Which brings us to Carrie Underwood. I saw some mean things said about her and I think that's wrong. I also think it was a mistake for her to do this. I don't blame her for wanting to do this. Who wouldn't? But, she had an impossible task. There was no way she was ever going to succeed. She doesn't have any acting experience. To make it worse, she's going up against the memories everyone has of Julie Andrews. It was a no-win. I admire her for trying, and the role and songs are so beloved that people will forgive her. Some will even like her because she certainly can sing. But the part was not written for a country singer. If you asked Julie Andrews to sing one of Carrie Underwood's songs, it wouldn't quite work either. So I'm truly baffled as to why anyone who knows what they are doing would green-light this. The part shouldn't have been offered to her. It was just not a good fit. No disrespect to Ms. Underwood.
Here's the thing: the role of Maria was specifically written for one of the most experienced, successful Broadway stars of her day, then performed on screen by another major star with serious musical theatre experience. It's not an easy starter-role. It requires a vocal style and acting chops that are not going to be picked up quickly, even in some intense sessions with a vocal and acting coach. (Something similar happened when they put Nick Jonas in as Marius in the 25th Anniversary Broadcast of Les Mis. It was a role for which he was not suited).
And this is what bothers me about the whole thing. These problems were absolutely, entirely predictable. Everyone in theatre knows this stuff. Film and stage acting are different. Musical theatre requires acting ability and has a specific vocal style. So my question is why no one attended to this. They could have had different lighting and camera angles.
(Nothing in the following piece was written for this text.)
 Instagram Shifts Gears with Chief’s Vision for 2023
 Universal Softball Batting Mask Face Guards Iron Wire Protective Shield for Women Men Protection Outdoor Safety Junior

The director should have toned Ms. McDonald down and energized Mr. Moyer. They could have found a more suitable Maria.
This makes me wonder who was in charge and why they didn't anticipate and plan for this stuff. Think about the opportunity here. It could have been simply amazing--a defining cultural moment for a generation (sort of like "The Wizard of Oz" used to be). As it was, it provided some wonderful enjoyment for families and introduced a new generation to one of the most durable works of American musical theatre. It filled the airwaves with culture instead of trash. So, I really appreciate that.
One further note: It also appears to me that some of the dialogue was changed to sound more modern. I could be wrong, I'd have to research that. But it was my impression. I think that was a mistake. The spirit of a play lives inside its words. The spirit that infuses this show and made it so beloved was contained physically in the words, the lyrics, and the notes. When you mess with a third of that, you are taking some risks. It's all the rage to update classic musicals these days, but I think it's a huge mistake.
I hope NBC will keep doing this, I really do. But I hope they get someone in charge who really knows what they are doing. Think how great it would have been if this production had been flawless and really lived up to its potential!